Brenda – Silver Tower

Brenda – Silver Tower

It’s probably, more than likely, safe to say that the scope Pavement reached with their tenure as a band – five albums and all – is one of great significance. I mean, just look at the music that preceded them and what has come out since then. To this day, bands still insist on making lo-fi recordings because it obviously worked before. On the other side of the coin, bands have also taken to the richness of tight melodies and sing-along lyrics with strong, guitar-based rock. Nothing too flashy and nothing too daring but all the while enjoyable.

And though it’s easy to tread on such waters, in the best sense that it’s been done before and to near-perfection mind you, it comes with inevitable pitfalls too.

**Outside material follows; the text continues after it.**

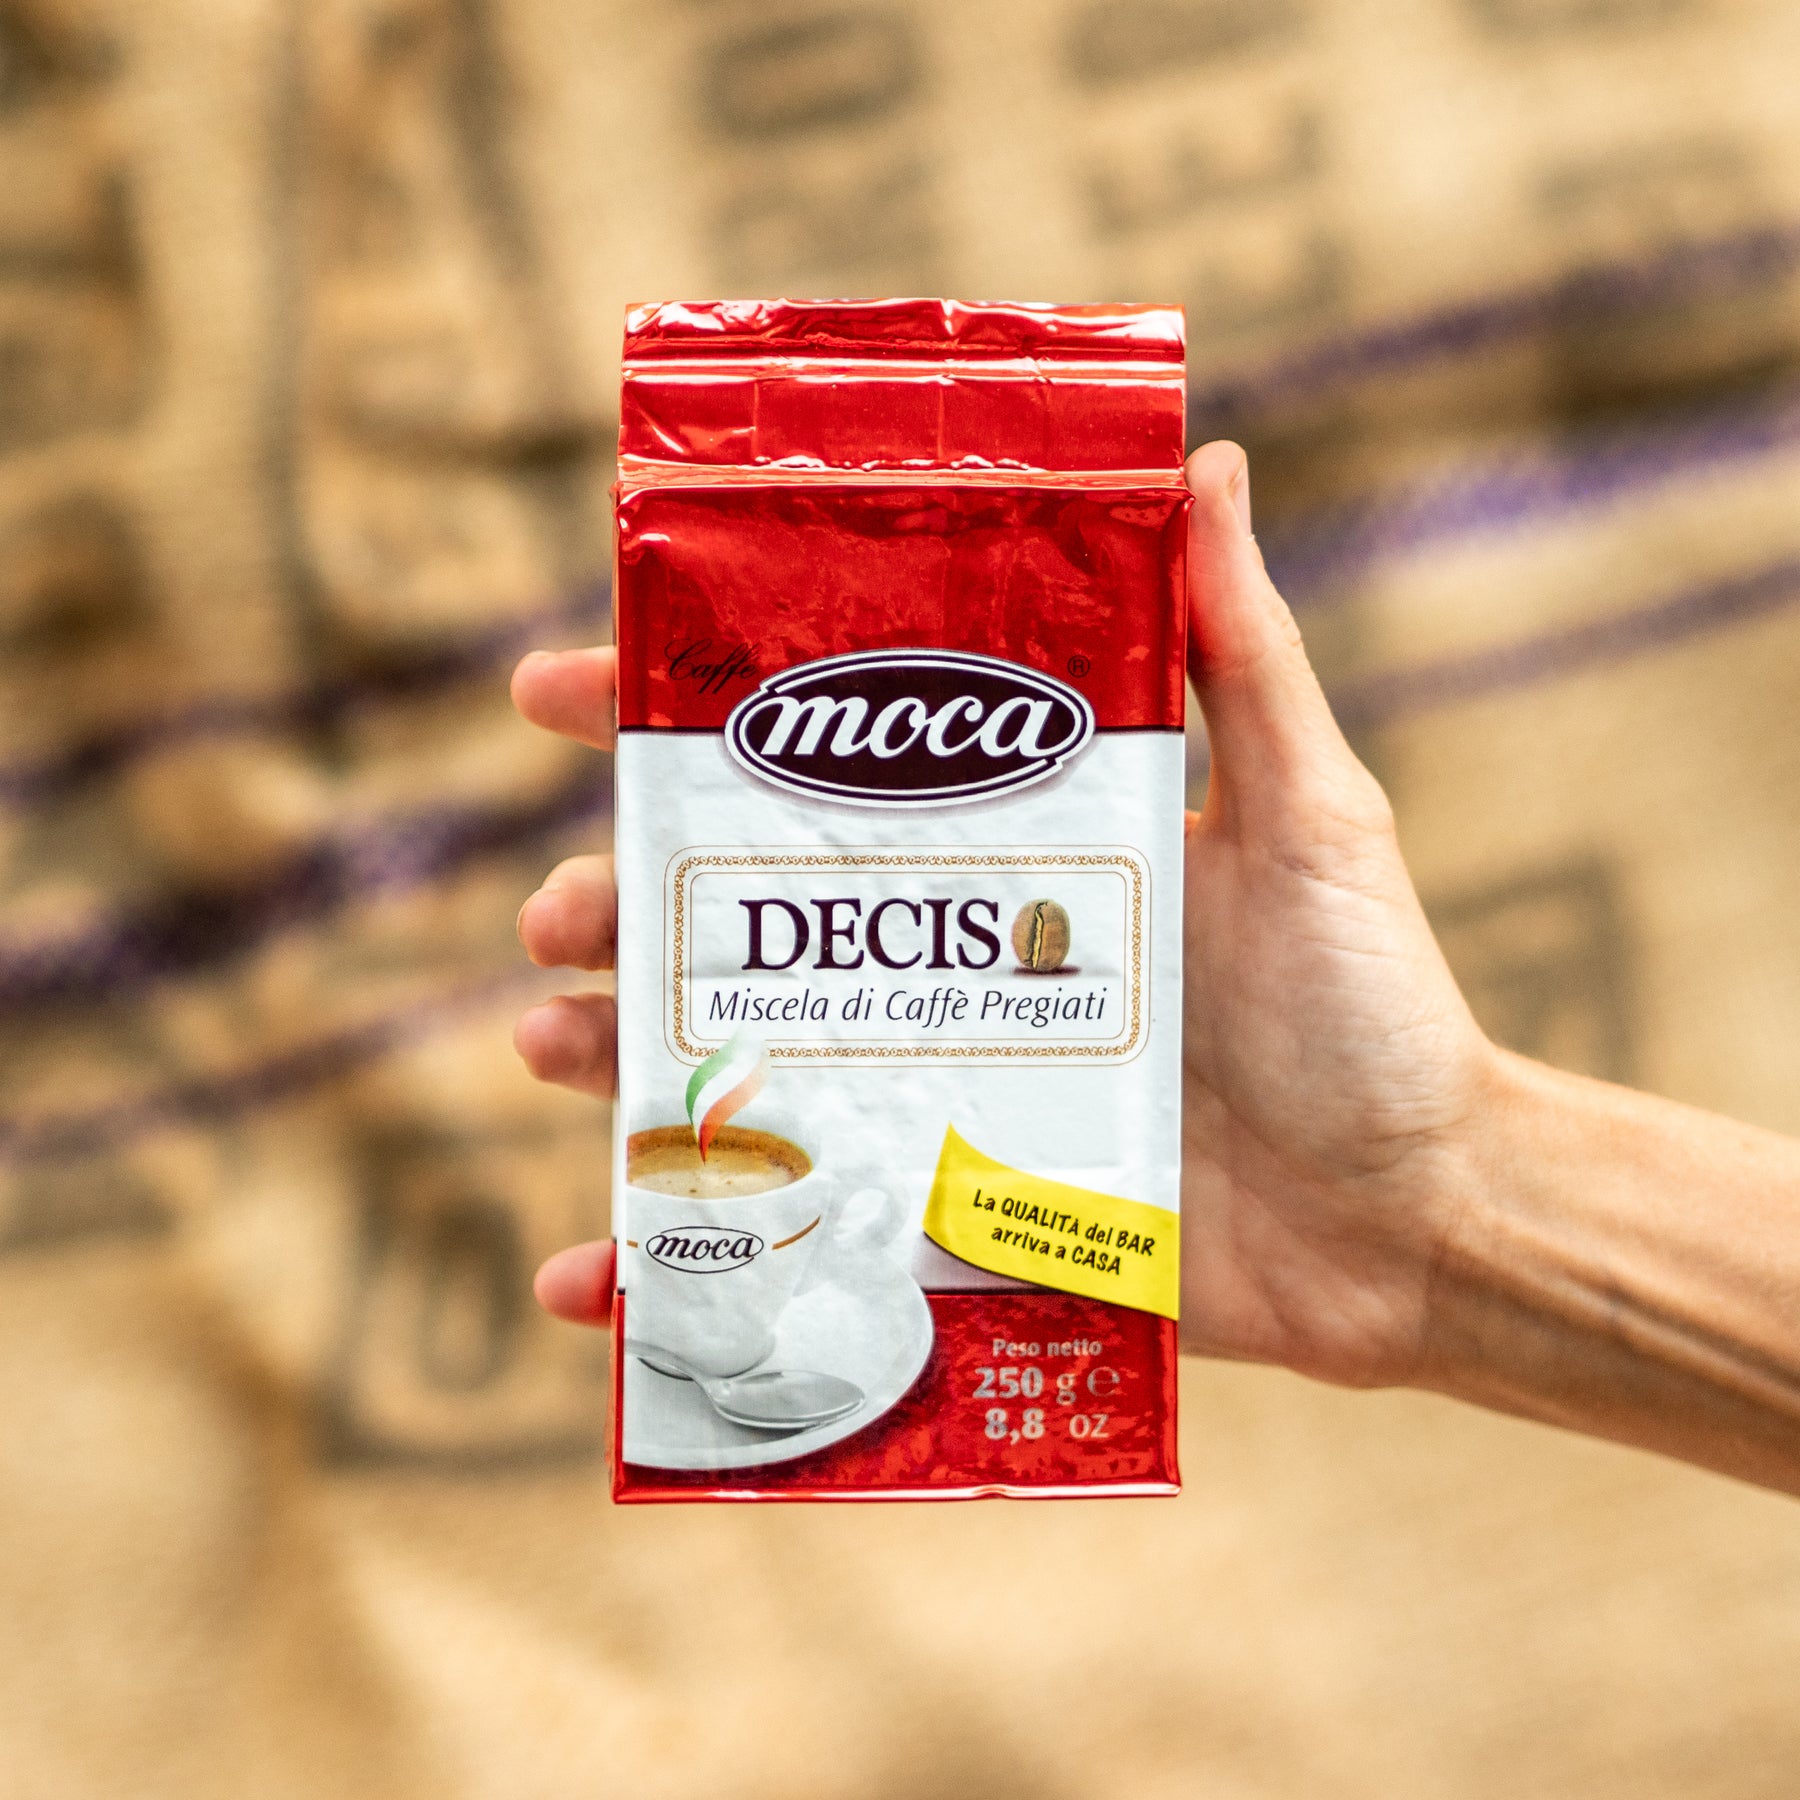 摩卡摩卡咖啡粉 1 公斤 - Deciso - 4 个真空包装和 250 克保鲜袋

Brenda’s debut as an indie rock band from Maine is filled with the kind of music you’d most likely enjoy on the typical alternative radio rock of the 90s but with a contemporary feel. Silver Tower is an album wound at the seams with sweltering guitars, an album that is unafraid of reaching into the melting jam sense, while still maintaining a hold for their songs’ linear movements and mostly, it seems to be a decent cause for a change.

As much as it tends to try and veer of the angular rock scene that it’s drawing from, Brenda’s music is also a tad too same-y for its own good. “Retina” captures a movement in sound where it all seems to just float together – receding hi-hat and reverb-soaked keyboards and all – but on that same note, it all seems to just melt away together. These moments seem stale and unmemorable, and yet there are songs like “Shaililai” that simply take over. The latter’s shining melody and driving bass line allows for a smooth blend of catchy rock that fully suits what Malkmus had done before them – it’s here that the homage is most felt.

But in the purest sense, the straight-up pop that infiltrates Silver Tower is neither too offensive and neither too bland to entirely dismiss. There is a lot of skill flitting about and while Brenda still has time to fill the space with more creativity, there is enough here to build on. Many of the songs transition into rocking improvisational moments where the trio is called upon to jam out, counter each other and many times, explore new realms of the music.

These, like the ending of “ Blackout,” are the album’s strongest highlights and it leaves plenty to be desired. And with the ensuing “Delegator,” it makes perfect sense why Jeff Tweedy has been so high on Brenda’s music. In the end, Silver Tower is a fine debut, a modest one that knows its boundaries and limits – now it’s time to expand on them.